• DATA BLOCK
------
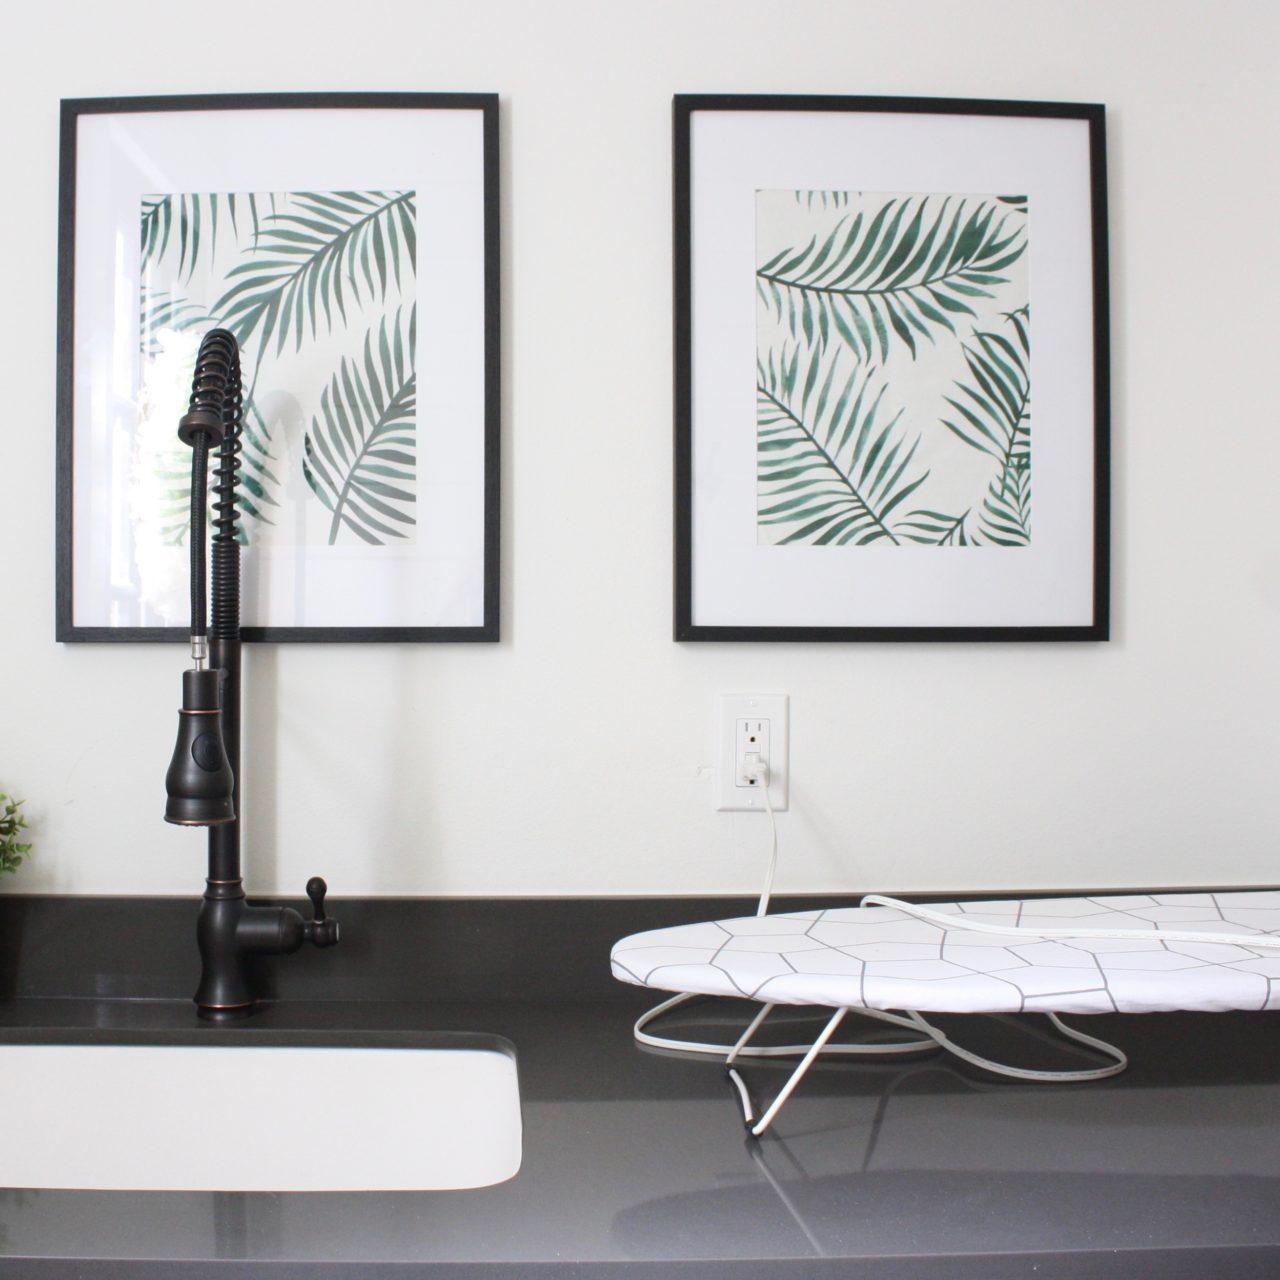 Framed Tea Towel Artwork
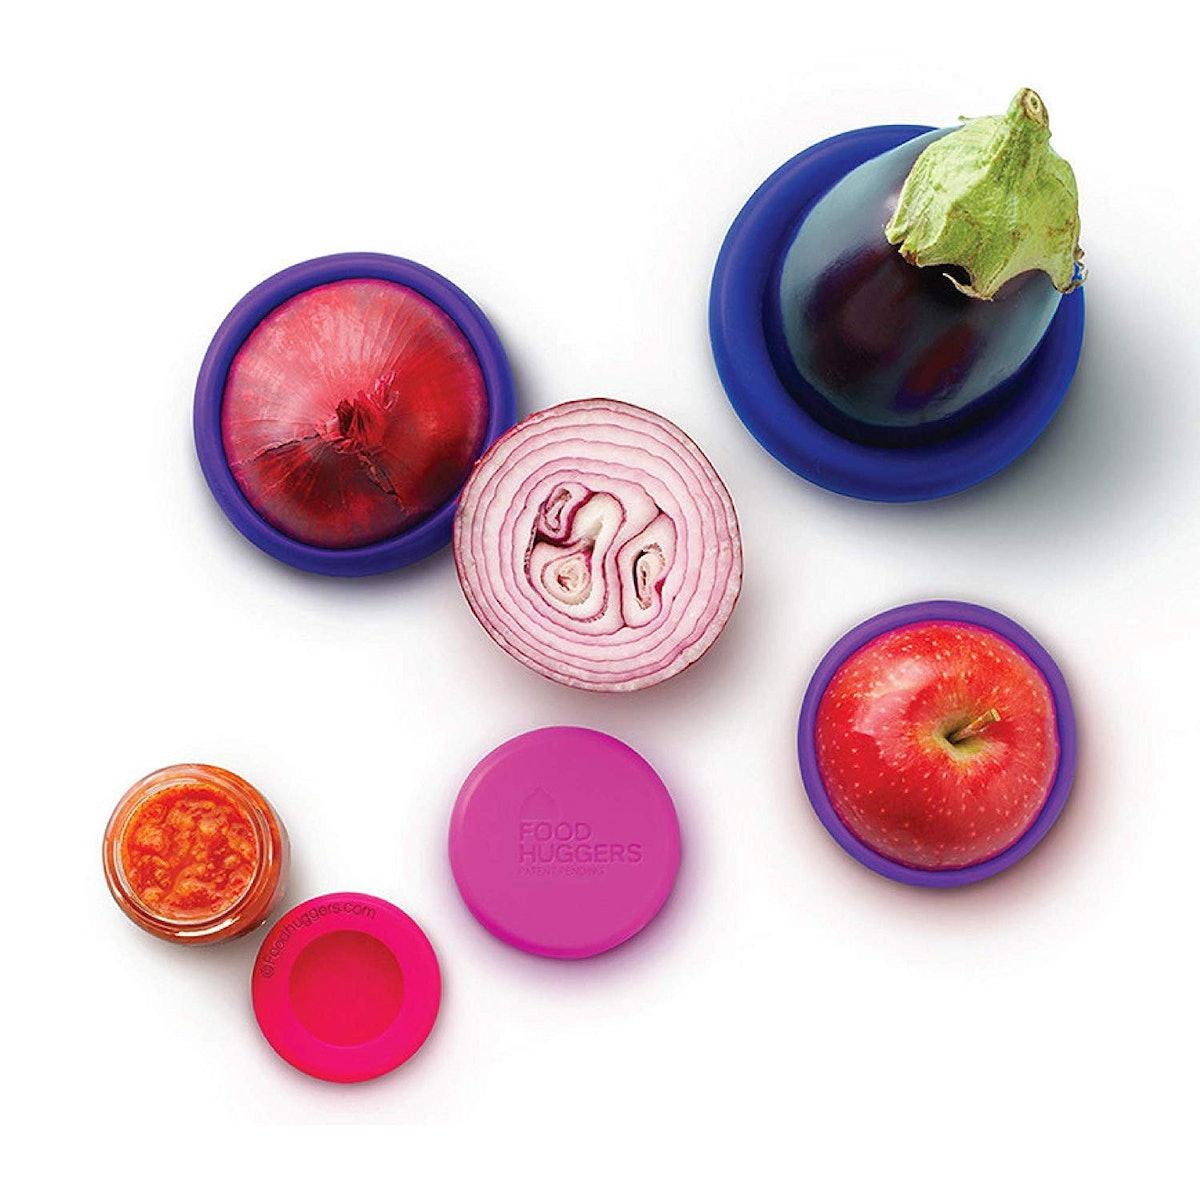 Food Huggers Silicone Food Savers (5-Piece Set)
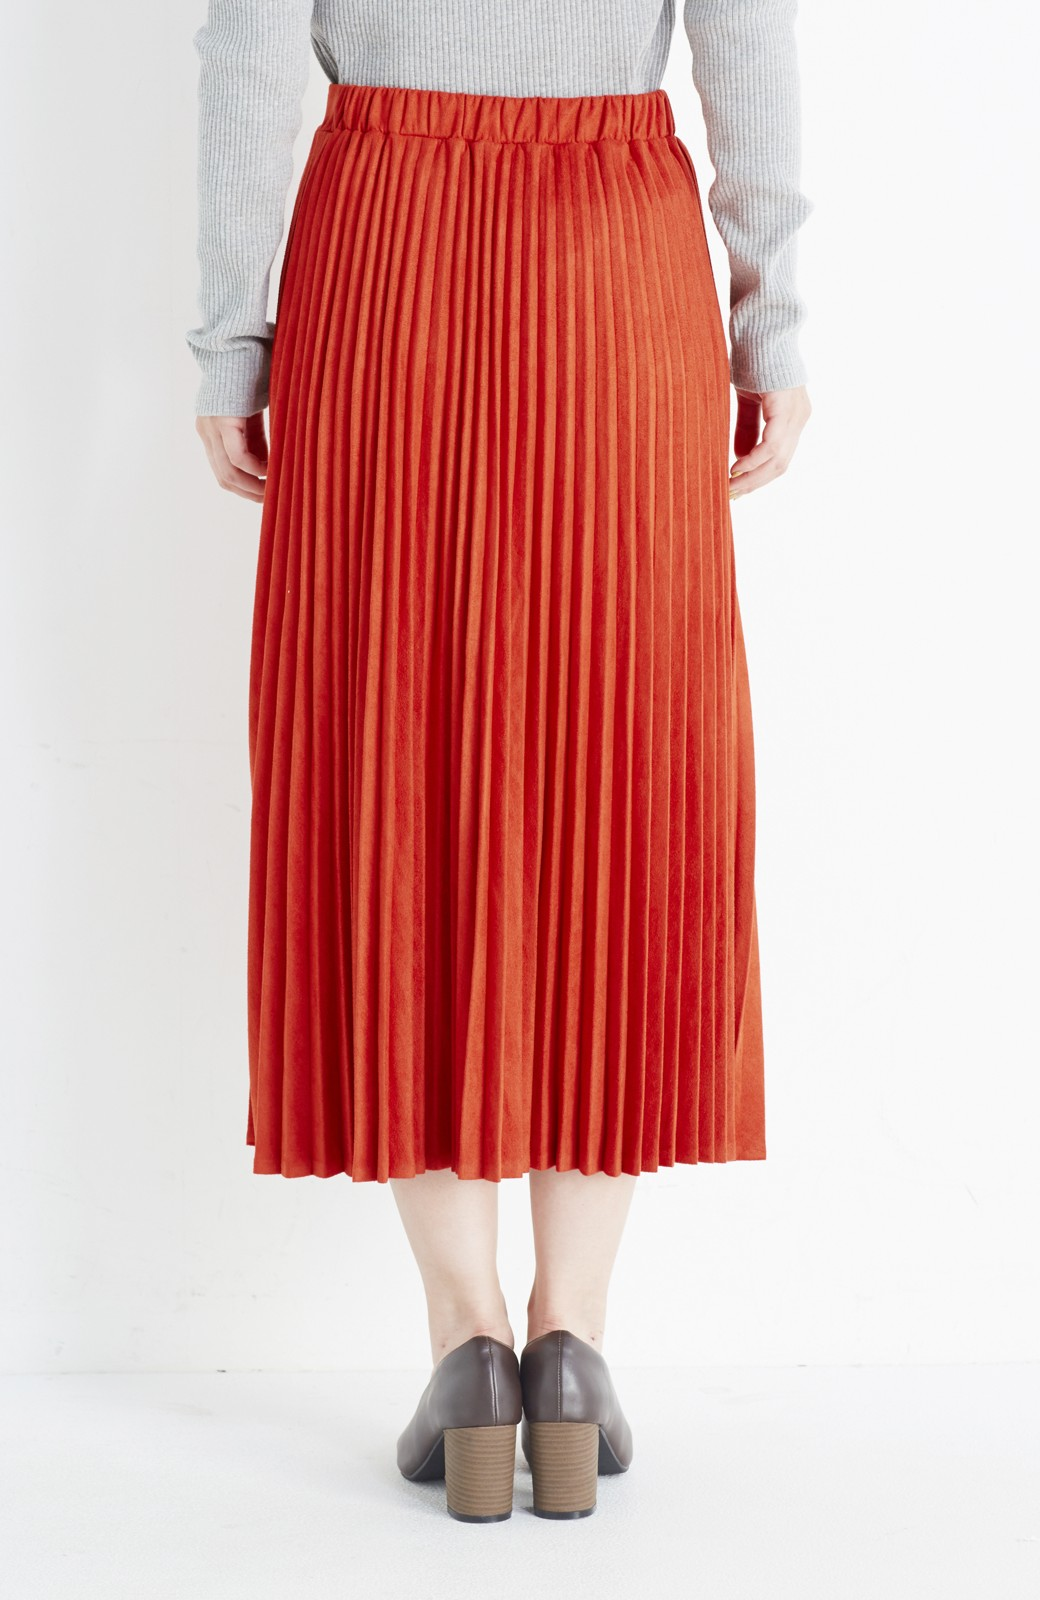 haco! 楽して女っぽい フェイクスエードのプリーツスカート  by que made me <オレンジ系その他>の商品写真5
------
• DESCRIPTION OF THE TASK
With the pictures removed, return the listing above in its exact original wording.

• EXPECTED ANSWER
 Framed Tea Towel Artwork
 Food Huggers Silicone Food Savers (5-Piece Set)
 haco! 楽して女っぽい フェイクスエードのプリーツスカート  by que made me <オレンジ系その他>の商品写真5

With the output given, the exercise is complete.